Wie in Deutschland werden auch ausländische Spieler eingesetzt (sonst hätten Niko und ich ja auch gar nicht spielen dürfen), was das schachliche Niveau noch ein ganzes Stück anhebt. Letztes Jahr haben unter anderem GM Judit Polgar (2696), GM Fabiano Caruana (2796) und GM Gata Kamsky (2763) mitgespielt. Dieses Jahr waren immerhin GM David Navara (2707), GM Dmitry Jakovenko (2713), GM Richard Rapport (2674) sowie über 20 weitere Großmeister mit am Start. Die Frauenbretter sind meist nicht ganz so stark besetzt. Wenn man Glück hat, kann man aber auf Spielerinnen wie GM Monika Socko (2458), IM Elisabeth Pähtz (2449) oder WGM Jolanta Zawadzka (2391) treffen.
Neben dem Schachlichen ist jedoch vor allem auch das Drumherum besonders attraktiv. Der Austragungsort – das Porto Rio Hotel – befindet sich direkt am Meer und unmittelbar an der berühmten Rio-Andirrio-Brücke. Für mich stellt die griechische Liga immer eine Art Schachurlaub dar. Trotzdem bin ich hinterher – obwohl es nur sieben Runden und davon nur eine Doppelrunde sind – immer fix und fertig, weil eben auch die Sonne und das ständige Am-Strand-Herumtoben ganz schön schlauchen können. Für einen Schach und Sonne liebenden Menschen wie mich jedoch einfach perfekt!
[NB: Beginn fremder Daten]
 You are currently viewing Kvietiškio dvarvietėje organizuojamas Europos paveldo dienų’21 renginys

Ebenfalls perfekt ist unser Team. Die Leute sind super nett und wir werden jedes Mal total herzlich empfangen. Die jüngeren Teammitglieder können zwar noch nicht so gut Englisch, aber mit Händen
und Füßen verständigt man sich schon irgendwie. Und jeder fiebert mit den anderen bis zum Ende mit und freut sich über jeden halben Punkt.
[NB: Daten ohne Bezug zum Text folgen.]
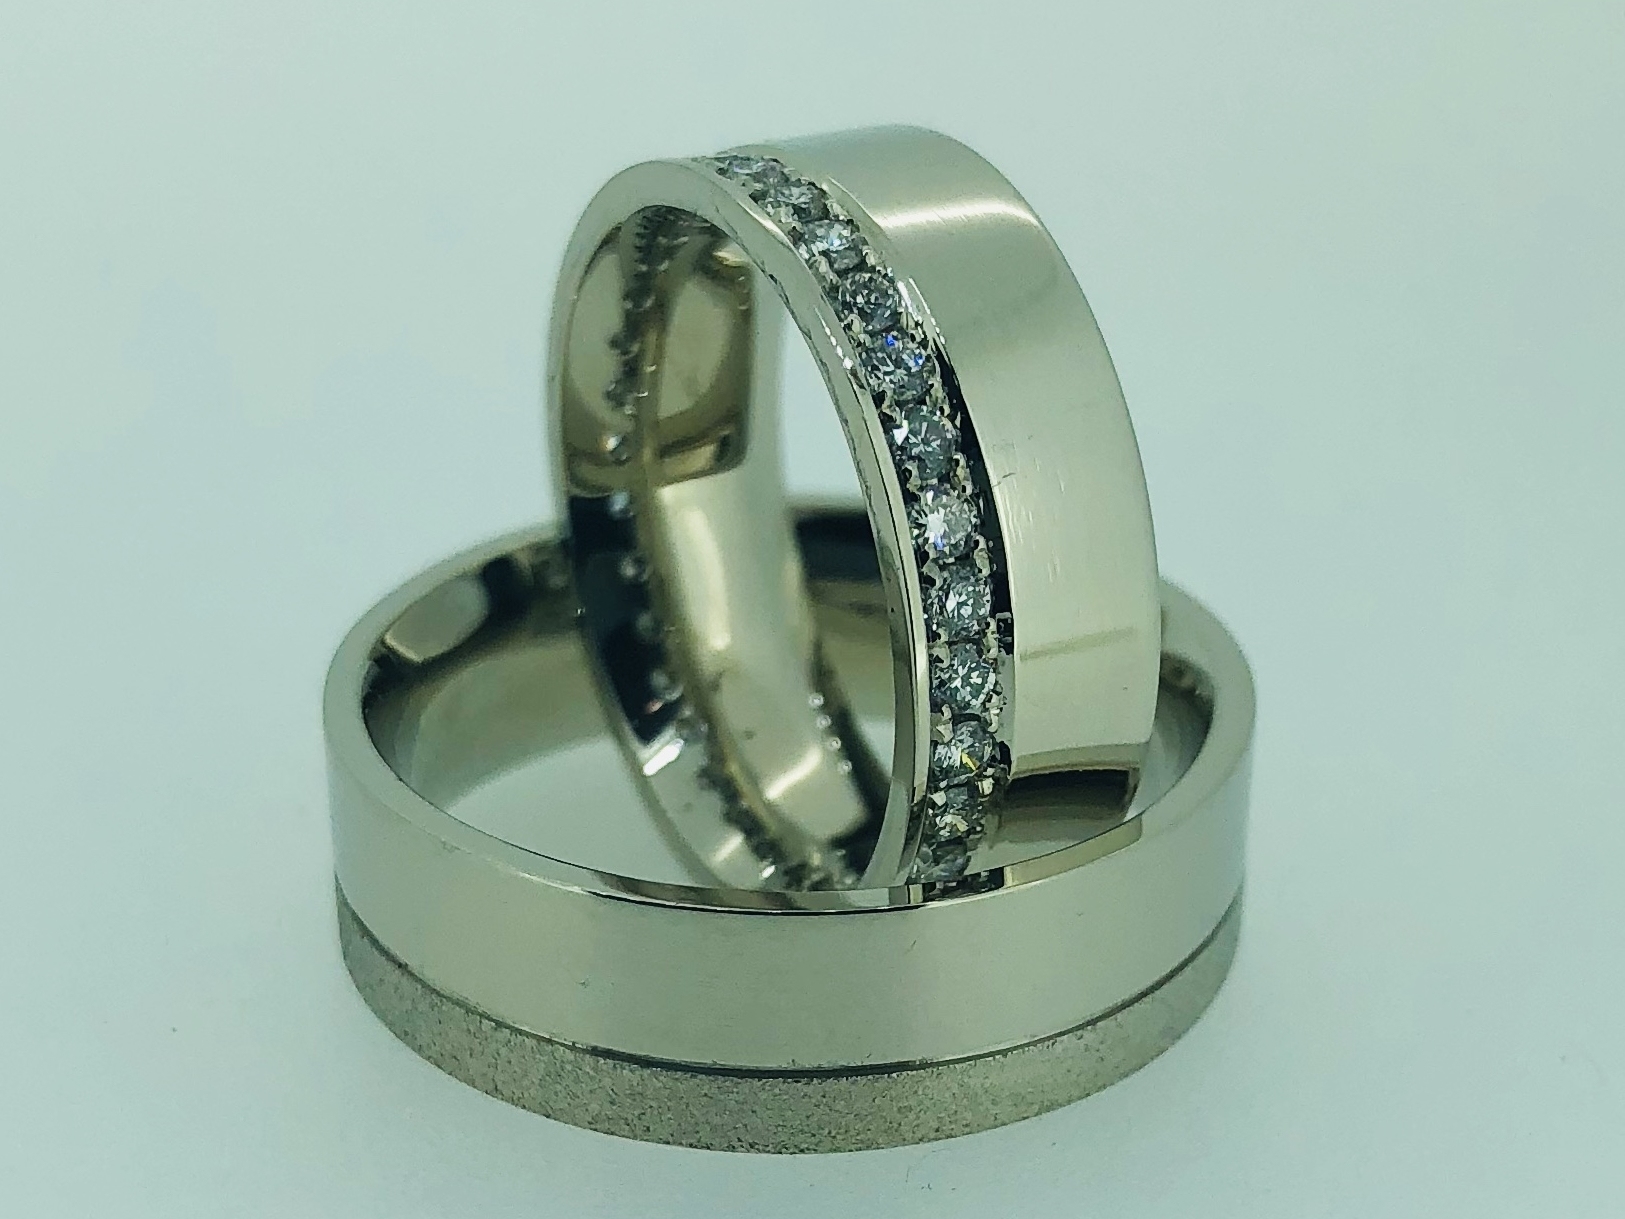 Vestuviniai žiedai dizainas 10

Ich glaube dieses Mannschaftsgefühl hat auch zu unserem großen Erfolg dieses Jahr beigetragen. An 17 gesetzt war unser primäres Ziel nicht abzusteigen. Am Ende waren wir über unseren siebten
Platz sogar etwas enttäuscht… Das lag wohl daran, dass wir immer sehr hoch gewonnen haben und unsere beiden Niederlagen beide seeehr knapp ausgefallen sind (jeweils 4,5-5,5). Aber, und das muss
man der Fairness halber wohl sagen, haben wir gegen keine der Favoritenmannschaften gespielt.
Für mich persönlich lief es endlich mal wieder richtig gut. Seit meinem guten Abschneiden bei der Mannschafseuropameisterschaft 2011 in Porto Carras habe ich nur wenig gute Turniere gespielt (eigentlich nur zwei: Griechische Liga 2012 sowie das Großmeisterinnenturnier in Erfurt zu Weihnachten 2012). Meine Elozahl ist dementsprechend ganz schön in den Keller gegangen. Und auch wenn ich mich eigentlich nicht über meine Wertzahl definiere, tut es doch ganz gut, mal wieder ein paar Punkte zu gewinnen. Bei mir waren es dieses Jahr 24,1. Ich muss aber dazu sagen, dass ich nur wenig gute Gegnerinnen gehabt habe: Nur Jolanta Zawadzka hatte eine höhere Zahl als ich. Egal, auf meine 7/7 bin ich trotzdem stolz! Stolz bin ich auch auf meinen Freund, der in der letzten Runde gegen GM Grzegorz Gajewski (2635) gewonnen und sich an Brett 1 sehr gut geschlagen hat.
Wie immer bei schönen Sachen ging die Zeit leider viel zu schnell vorbei. Dank meiner vielen neuen Sommersprossen, meiner sonnengebräunten Haut und vieler Erinnerungsfotos werde ich Patras 2013 aber nicht so schnell vergessen!